Hypocalcaemia

Hypocalcaemia is defined as a serum corrected calcium concentration < 2.2 mmol/L.

Hypocalcaemia can lead to dangerous cardiac arrhythmias and requires urgent identification and treatment. The normal serum calcium concentration is 2.2-2.6 mmol/L and this should be corrected for albumin.

Hypocalcaemia is a common electrolyte abnormality with a wide range of causes. It is commonly seen in chronic kidney disease (CKD) and vitamin D deficiency. Acute symptomatic hypocalcaemia is most often seen following thyroidectomy (removal of the thyroid gland) which can disrupt the parathyroid glands that are needed for in parathyroid hormone (PTH) secretion.

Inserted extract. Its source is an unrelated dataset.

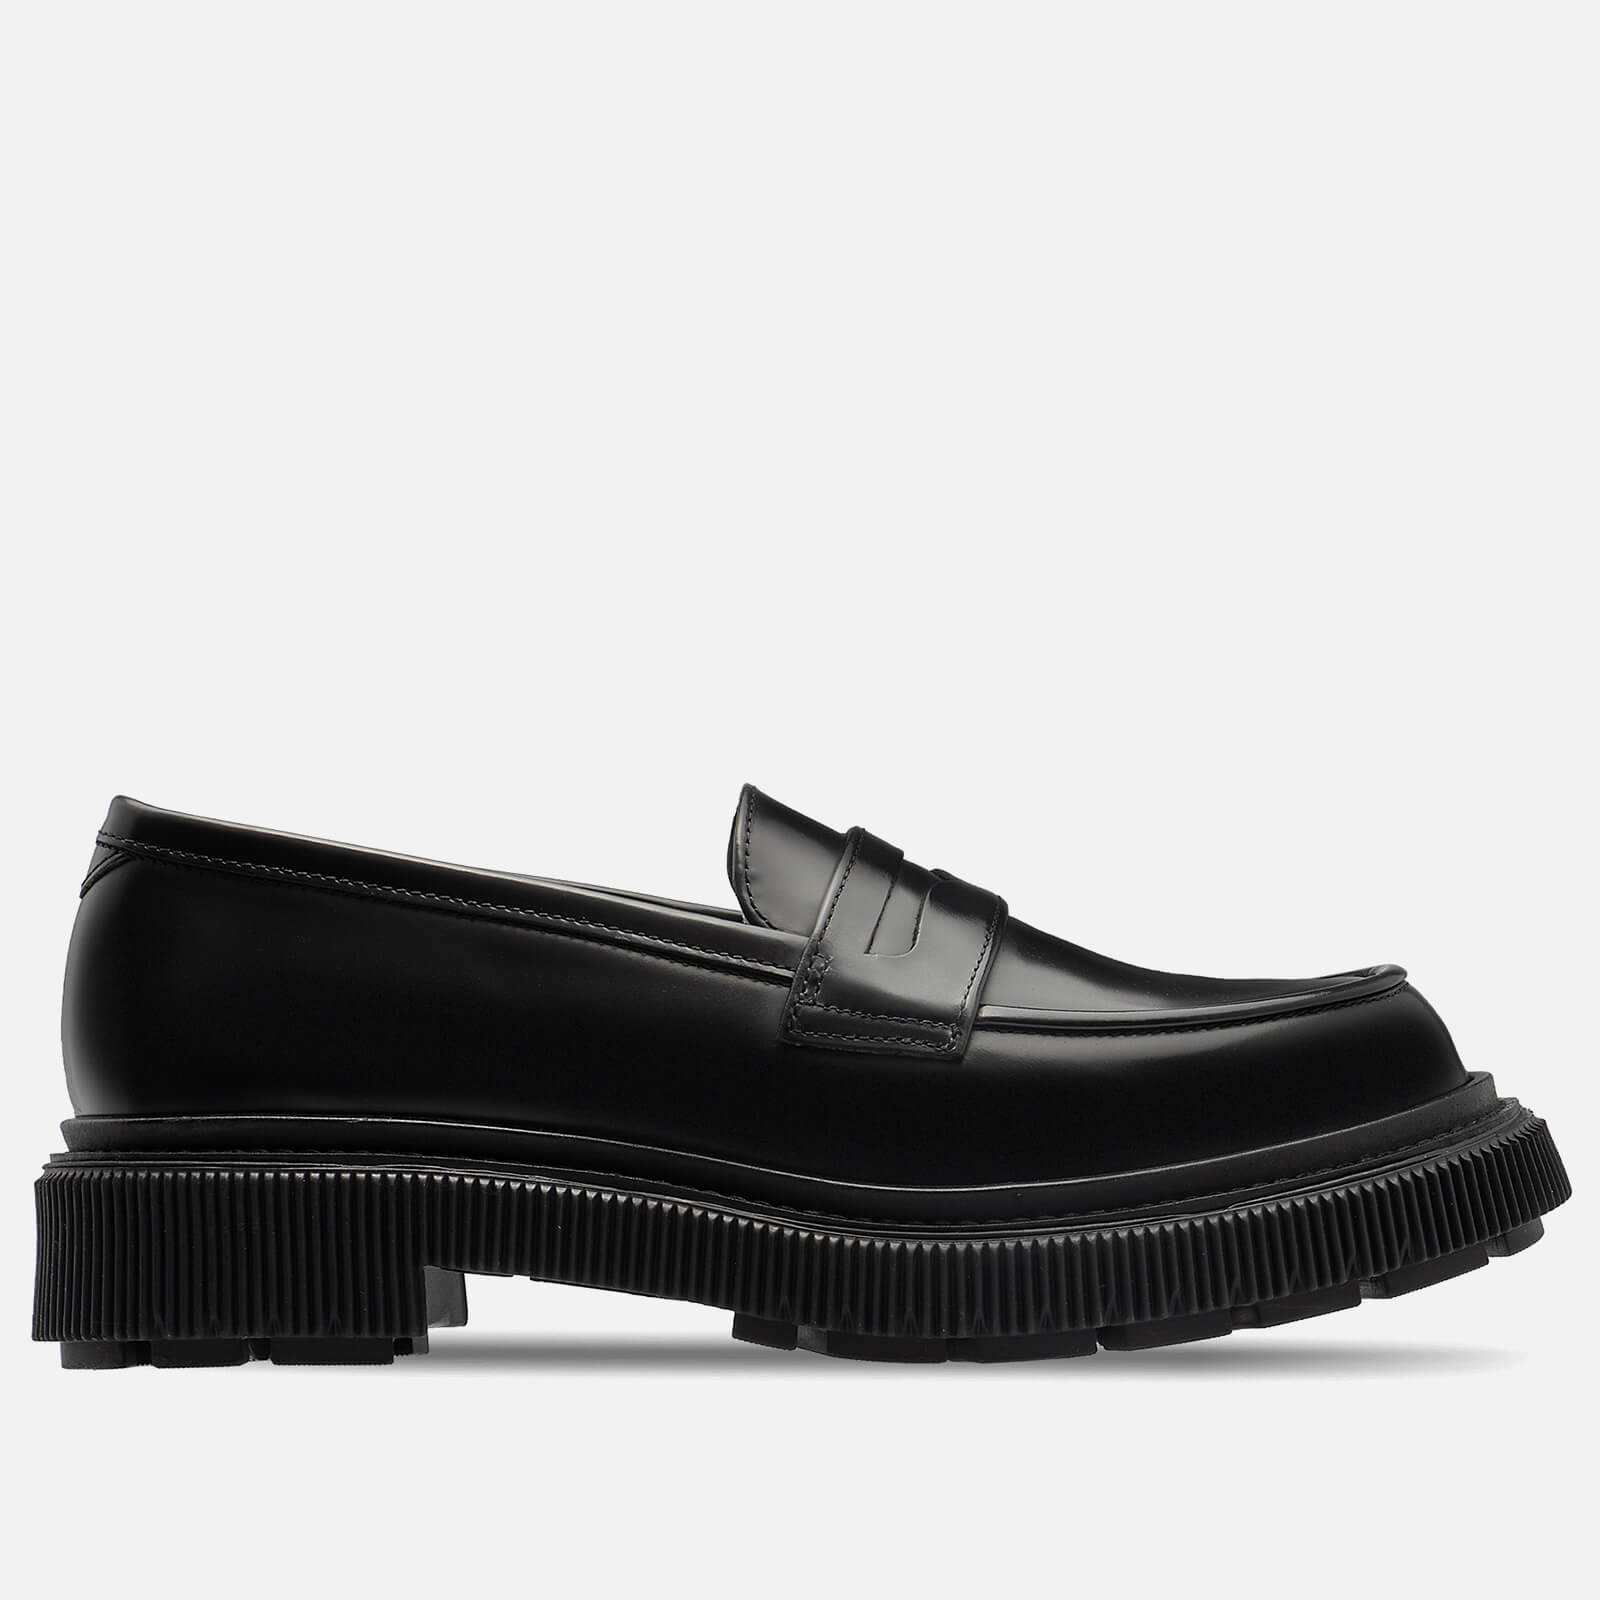 Adieu Men's Type 159 Leather Loafers - Black - UK 8

Acute hypocalcaemia can be further divided as follows:

• Mild - corrected calcium ≥ 1.9 mmol/L
• Severe - corrected calcium < 1.9 mmol/L

Calcium is distributed between bone and the intra- and extra-cellular compartments.

The majority of body calcium, 99%, is stored in bone.

Approximately 1% of total body calcium is found within the intracellular compartment. Here it plays a key role in intracellular signalling.

Around 0.1% of total body calcium is found within the extracellular pool, this is divided into:

• Ionised (~ 50%) - metabolically active, or ‘ionised’, free pool of calcium.
• Bound (~ 41%) - bound to albumin (90%) and globulin (10%).
• Complexed (~ 9%) - forms complexes with phosphate and citrate.

The balance between stored calcium and the extracellular pool of calcium is a closely regulated process. It is controlled by the interaction of three hormones; parathyroid hormone (PTH), vitamin D and calcitonin.

Decreased extracellular calcium is detected by the calcium-sensing receptor (CaSR) on the parathyroid gland. The parathyroid glands respond to the fall in serum calcium by releasing PTH. PTH stimulates the resorption of calcium from bone, activation of vitamin D (leads to calcium absorption from enterocytes) and increased renal tubular reabsorption of calcium.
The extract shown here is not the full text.